To see the other four questions


  1. How is your weight distributed? I'm sure you've heard that apple-shaped individuals (those with weight around their middle) are at greater risk for weight-related problems. So if you're carrying a tire around your belly and aren't too thick anywhere else, you're health would greatly benefit if you whittled away your middle a little. If your weight is primarily in your thighs and butt, it's not as crucial to drop the pounds.
  2. What is your waist size? The National Institute of Health has determined that a waist circumference of over 40 inches in men and over 35 inches in women signifies a health risk, particularly in people with a BMI of 25-34.9 (the overweight category). If you're not sure what your BMI is, check out Fit's Calculator to find out.
  3. What is your health profile? If you haven't seen a doctor for a while, make an appointment and have your cholesterol and blood pressure checked. If your cholesterol and blood pressure levels are high and your BMI falls into the overweight or obese category, it's important to lose weight.
  4. How do you feel? If you are overweight and have joint problems, shortness of breath, or other health troubles that limit your day-to-day living, then melting away pounds would help improve the quality of your life.

Share your answers in the comments section below.

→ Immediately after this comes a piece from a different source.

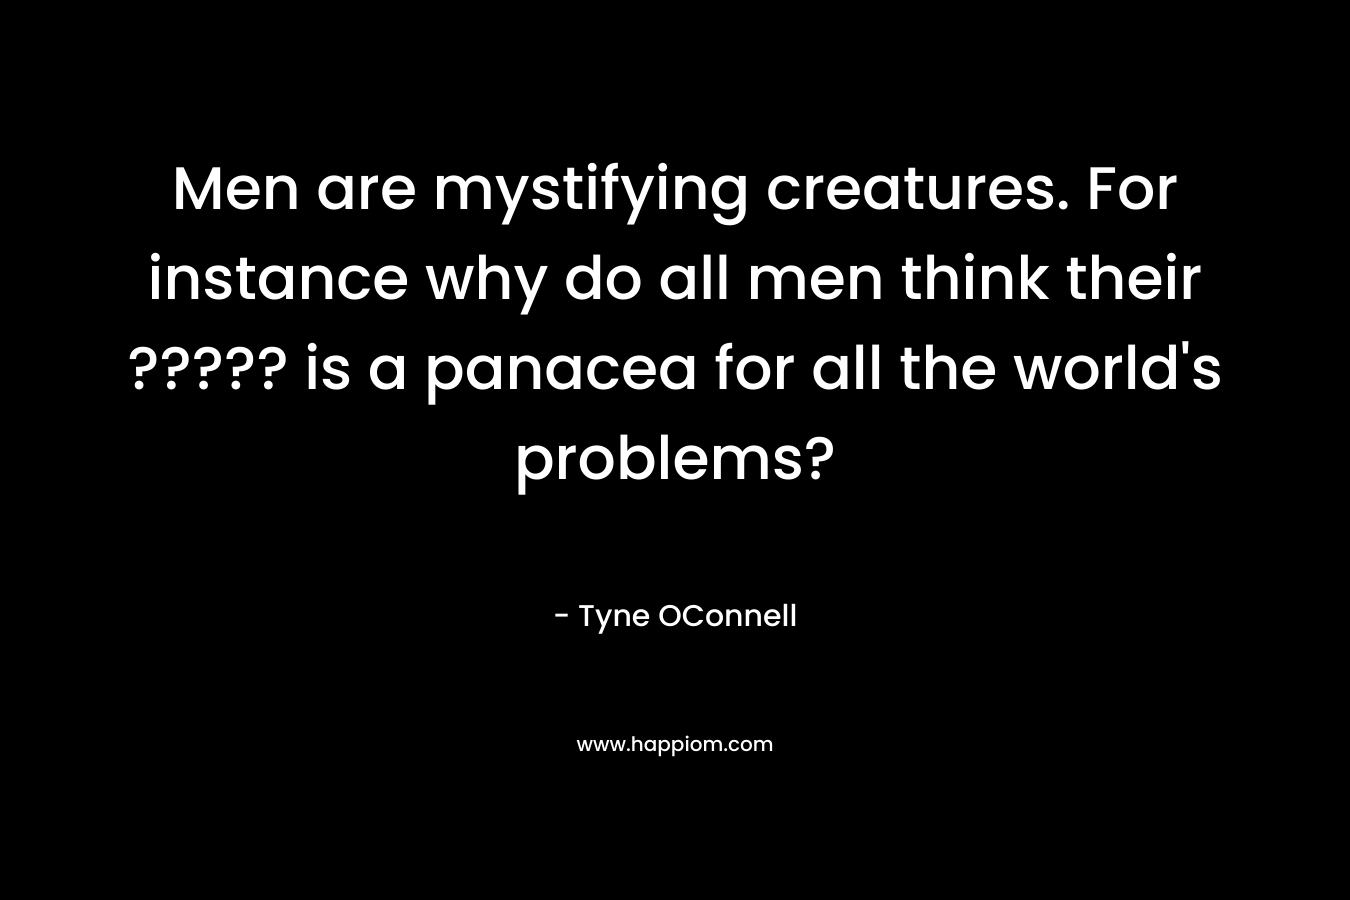 Men are mystifying creatures. For instance why do all men think their ????? is a panacea for all the world’s problems? – Tyne OConnell

cravinsugar cravinsugar 9 years
thanks bellacu! I know that when i do yoga (it's a 10 minuute destressor routine) and he says to breath into my hamstrings, it actually feels like i am breathing into and lightening my hamstrings, so maybe i will add some at the end and breathe into my ankle. I have lost 10 pounds though. Not just this week, but since the last time I weighed (which was about a month ago and i wasn't even trying lol) so yay me! i hope it stops hurting soon because it is effecting my ability to do cardio.
Allytta Allytta 9 years
i think lifestyle is the most important thing. i started work and i lost 10lbs in a week eating pizza, chips and other awful stuff. also the same happened 2 years ago when i moved to London and wanted to see the sight, so was walking all day - also my diet was mac and cheese, mcdonalds, hot dogs and pop corn. and i lost 15lbs like that :)
bellacu bellacu 9 years
Hi Cravinsugar, I'm sorry you're having problems with your joints, that makes it really hard to work out, so congrats on keeping up with it! I have a couple suggestions... First, to try to avoid some pain, I would suggest swimming. Just treading water can be a great workout. If you're not into that, try the eliptical machine. There's pretty much no impact so your joints might be happier :) Second, if you can't avoid the pain, check into deep breathing and visualization. I know it sounds kinda out there, but it really does work! Hope this helps!!
GlowingMoon GlowingMoon 9 years
This is a good post. As for me, one of my motivations is my family history. In my family, there are many weight-related issues (everything named in the post) -- "high cholesterol, high blood pressure, heart problems, diabetes . . . ", PLUS MORE. I do NOT want any of those conditions. It affects the quality of life, in my opinion.
cravinsugar cravinsugar 9 years
I am currently on a road to weight loss, including exercise which i am making myself do (i liek to go home and veg). I must admit, I know the joint problems will go away once i have lost some weight (and back probs) BUT...what do i do if that joint pain is getting in the way of working out? I do either tae bo or walking (thus far), and just after 3 days of this I have to ice my ankle and am in great pain during/after until ice has numbed. (i have tendonitis in my ankle) I can't take tylenol or ibuprofen. Does anyone out there have any ideas as a temporary fix until the weight sluffs off and it doesn't hurt?
yasume yasume 9 years
Great advice. I live by these words daily. When people ask how I am able to maintain my size, I respond that it is my lifestyle. I make a point of taking care of myself through good, healthy eating, exercise and staying positive.